Сумма выходила значительная. Столько отец не даст любимой дочери на булавки и шляпки.

– Любите бабочек? – Пушкин указал на короба с насекомыми, которые рядком стояли на полу близ буфета. Как вещи ненужные, которые жалко выбросить.

Малецкий скривился:

– Как не любить… Хозяин бабочек обожает, ну и мы за ним… Все как один…

– Сами ловите?

– Вот еще! – Малецкий отчаянно чихнул. – Спасибо, сказали люди опытные, где купить… А то ведь Макару Ивановичу хочется знать, у кого какие экземпляры…

Если общество будет куплено, на другой день бабочки отправятся на помойку. Никаких сомнений. Судьба засушенных насекомых чиновника сыска не волновала.

– Простите, господин Пушкин, друг наш Лазарев нашелся?

– Лазарев убит, – ответил Пушкин, наблюдая, как смысл сказанного проникает в простуженные мозги. На какой-то миг Малецкий даже излечился.

– Как убит? – пролепетал он.

– Подробности разглашать не могу… Вам, господин Малецкий, настоятельно советую крепко поболеть дома ближайшие дни. То есть за крепко запертой дверью. Никому не открывать. Особенно коллегам… Болеете до возвращения Макара Ивановича. Вам понятно?

Судя по испугу, страховой агент готов был прятаться хоть до лета.

– Непременно… Благодарю… Но как же Митя Лазарев… Бедняга…

– На вечере Валерии Макаровны он появился последним, – сказал Пушкин. – Вспомните, с кем он говорил?

Малецкий пытался вспомнить, старательно пытался, но простуда победила. Он признался, что ничего на ум не приходит: сам был занят игрой, а Митя со всеми болтал, кажется. Хвастался, что поймал удачу…

– И вот как оно обернулось… Но все-таки, господин Пушкин, что мне может угрожать… Я ведь ничего-с…

– В «Гусика» играли?

– Как все, так и я…

– На поле «смерть» попали?

– Такая досада вышла… Откуда вам известно?

– Оставайтесь дома, здоровее будете, – закончил Пушкин.
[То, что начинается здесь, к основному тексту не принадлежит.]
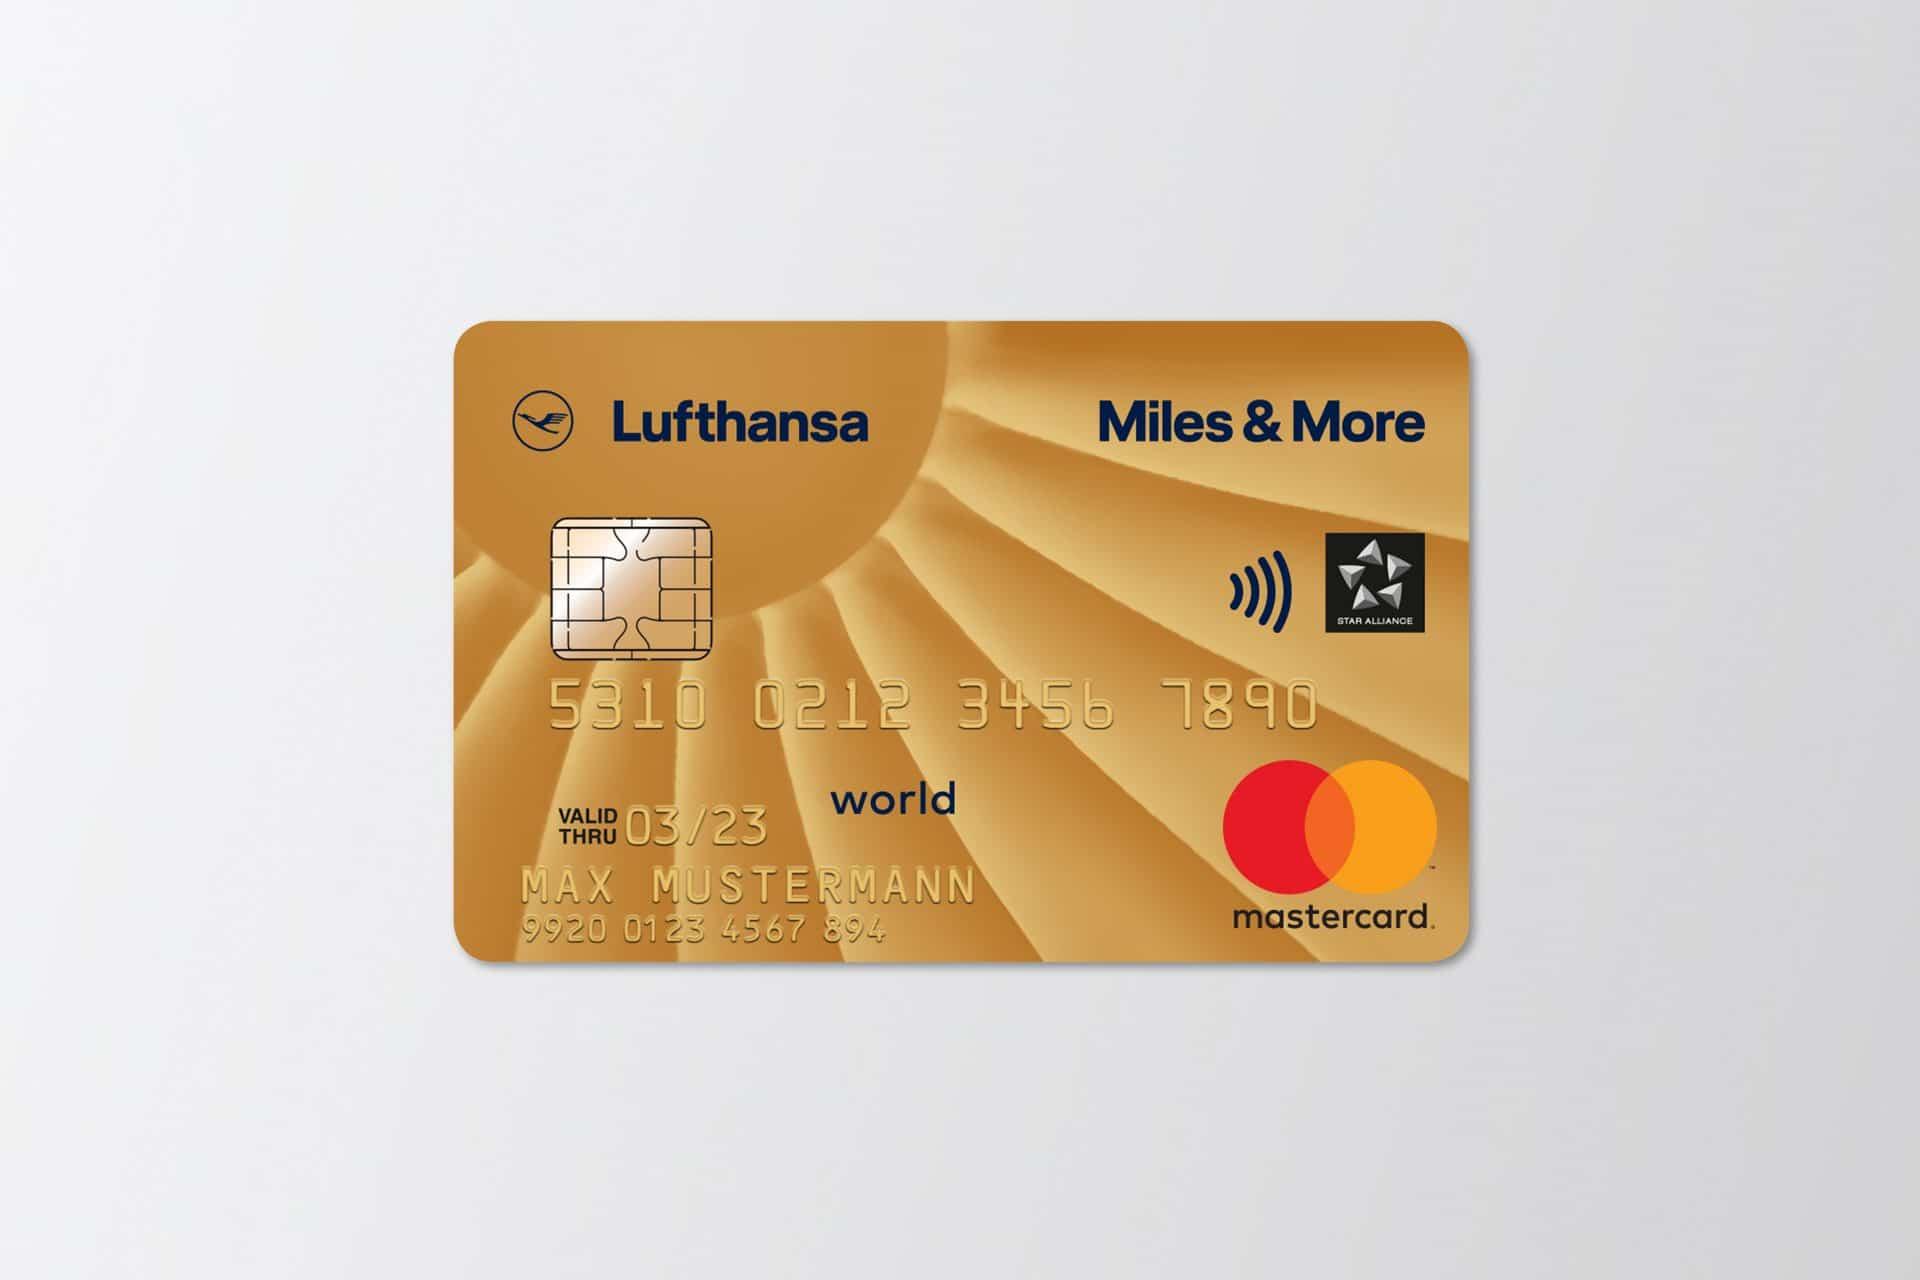 Warum-lohnt-sich-die-Beantragung-der-Miles-More-Kreditkarte-gerade-jetzt-
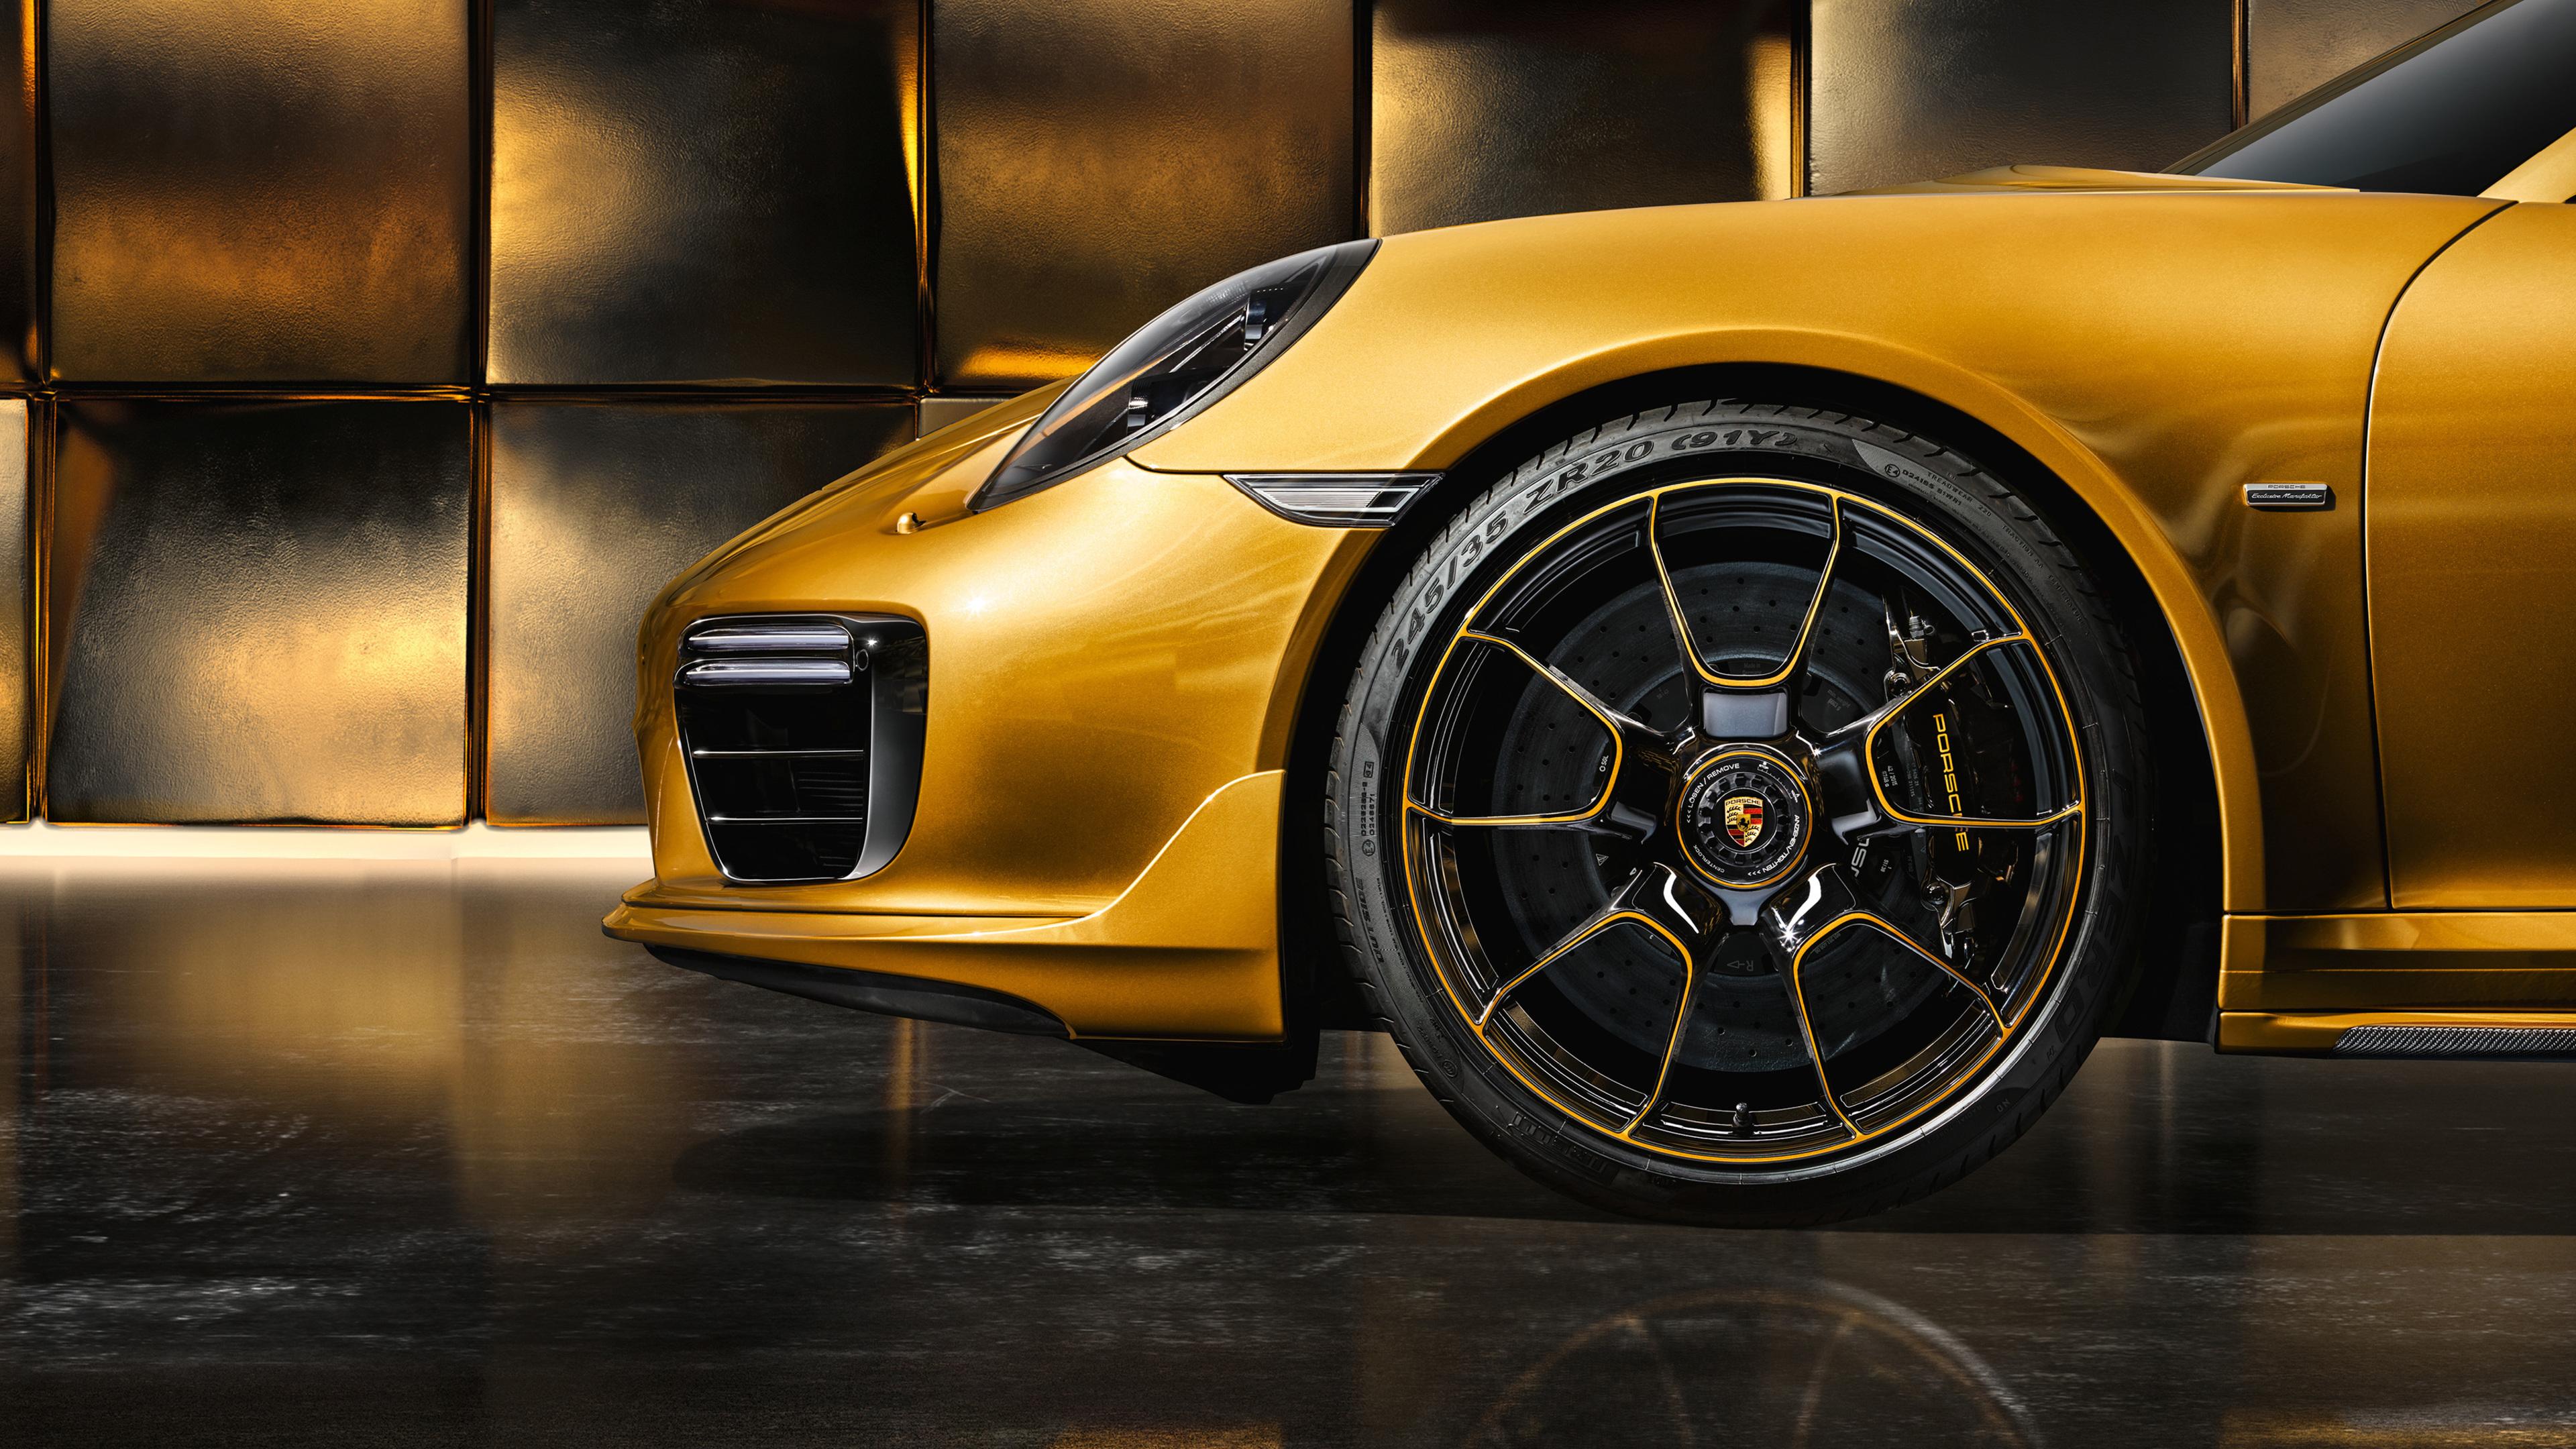 porsche exclusive series porsche 911 turbo 1539105965 - Porsche Exclusive Series Porsche 911 Turbo - porsche wallpapers, porsche 911 wallpapers, hd-wallpapers, hd wallpapers2018 cars wallpapers, cars wallpapers, 4k-wallpapers

Он еще раз пожелал Малецкому скорейшего выздоровления и просил не провожать, сам захлопнет. Зачем заболевшему видеть, что случилось с его дверью. Лишние огорчения при простуде смертельно опасны.

• 54 •

Ужинать в ресторане гостиницы было так же естественно, как ужинать у себя дома. Владельцы этих заведений делали все возможное, чтобы большие залы заполнялись не только приезжими. Для постоянных гостей держали любимые столики, официанты знали их по именам и любимым блюдам, даже музыку исполняли ту, что предпочитал уж очень дорогой гость.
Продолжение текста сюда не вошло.